This semester I have learned a lot about myself as a learner and as a thinker. This week’s blog is about being an innovative learner, and unlearning things that we have learned in the past that may be harmful to our learning process. I think that the biggest thing I have learned through this semester, and this class in particular, is that I can learn on my own. Yes, it is true that teachers often times provide most of the material or sources that we must use to facilitate our learning. This class has been mostly different in this aspect. There have been articles we have been required to watch and read but this was only for introductory purposes. I have learned so many new website and links that have been useful for future uses in my classroom.

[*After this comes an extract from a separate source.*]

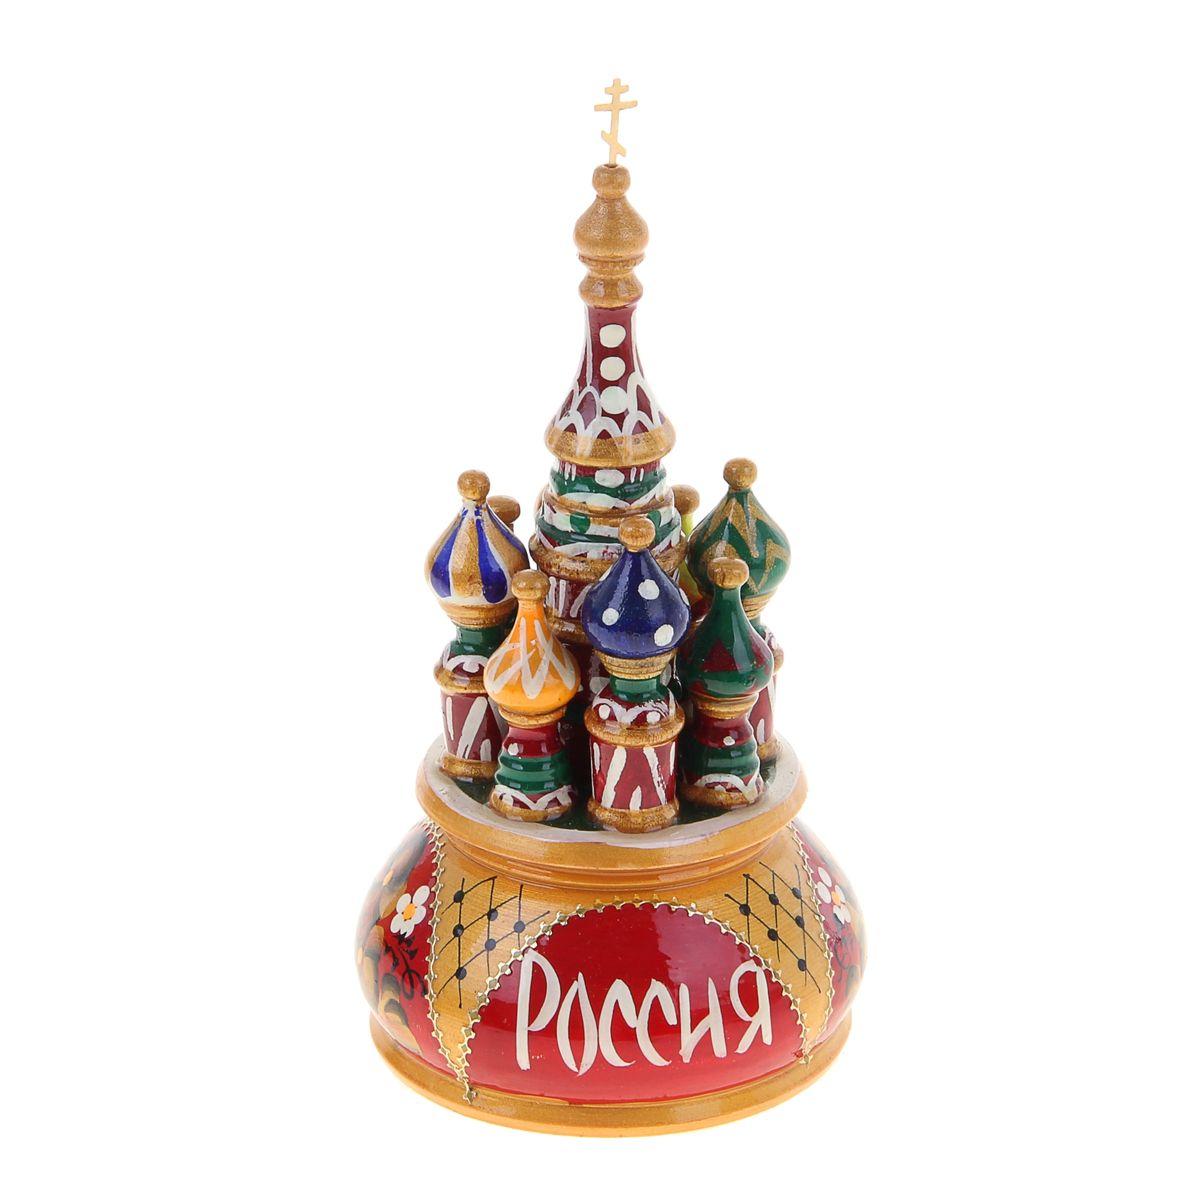 Фигурка декоративная Sima-land Храм, музыкальная, высота 19 см. 10799311079931Декоративная фигурка Sima-land Храм, выполненная из дерева в виде храма, покрыта лаком и оформлена красочными рисунками. Основание фигурки имеет ключ, предназначенный для завода музыкального механизма. Поверните основание фигурки, и она начнет медленно вращаться, и заиграет приятная мелодия. Декоративная музыкальна фигурка Sima-land Храм не оставит равнодушным ни одного любителя изысканных вещей и станет прекрасным подарком. Размер фигурки: 9,5 см х 9,5 см х 19 см.

First off, I have been innovative by picking and choosing different resources to use in my blog posts, and that I have shared on Twitter. Prior to this class I had only found things through Google because this is what everyone uses. Google I now know is only a one stop place if you are on a last resort effort to find certain information. There are websites for just about everything, but you as the learner have to be innovative to find them.
My favorite quote from Couros’s “The Mindset of an Innovator” is “I believe that my abilities, intelligence, and talents can be developed, leading to the creation of new and better ideas.” My role as a future teacher is not one that should be taken lightly. I, as well as the students in the classroom should be expanding our minds every day, learning something new and interacting with different material. If I wanted, I could make a lesson plan the first year I am teaching and reteach this year after year. This does not work as a teacher who should be innovative. If I want to be an innovative teacher I have to see what works for the maximum student growth. Then I should adjust the assignment or completely scrap them depending on how they served the students.
My favorite quote from Richardson’s “The Unlearning Curve” is “we need to unlearn the idea that every student needs to learn the same content when really what they need to learn is how to self-direct their own learning.” Literacy in the digital age class is all about how to self-direct our own learning and many classes have been like that for me this semester. This is important because there will not always be a teacher to help you through every situation in life.
One quote from Richardson’s “The Unlearning Curve” that I still need to unlearn is “we need to unlearn our fear of putting ourselves and our students “out there” for we’ve proven we can do it in safe, relevant and effective ways.” I have yet to fully put myself out there in terms of answering questions in class or asking questions to the teacher because I have found I can ask other classmates. The teacher is usually the best source to ask for help, I just need to let them know sometimes that I need help, just as everyone does.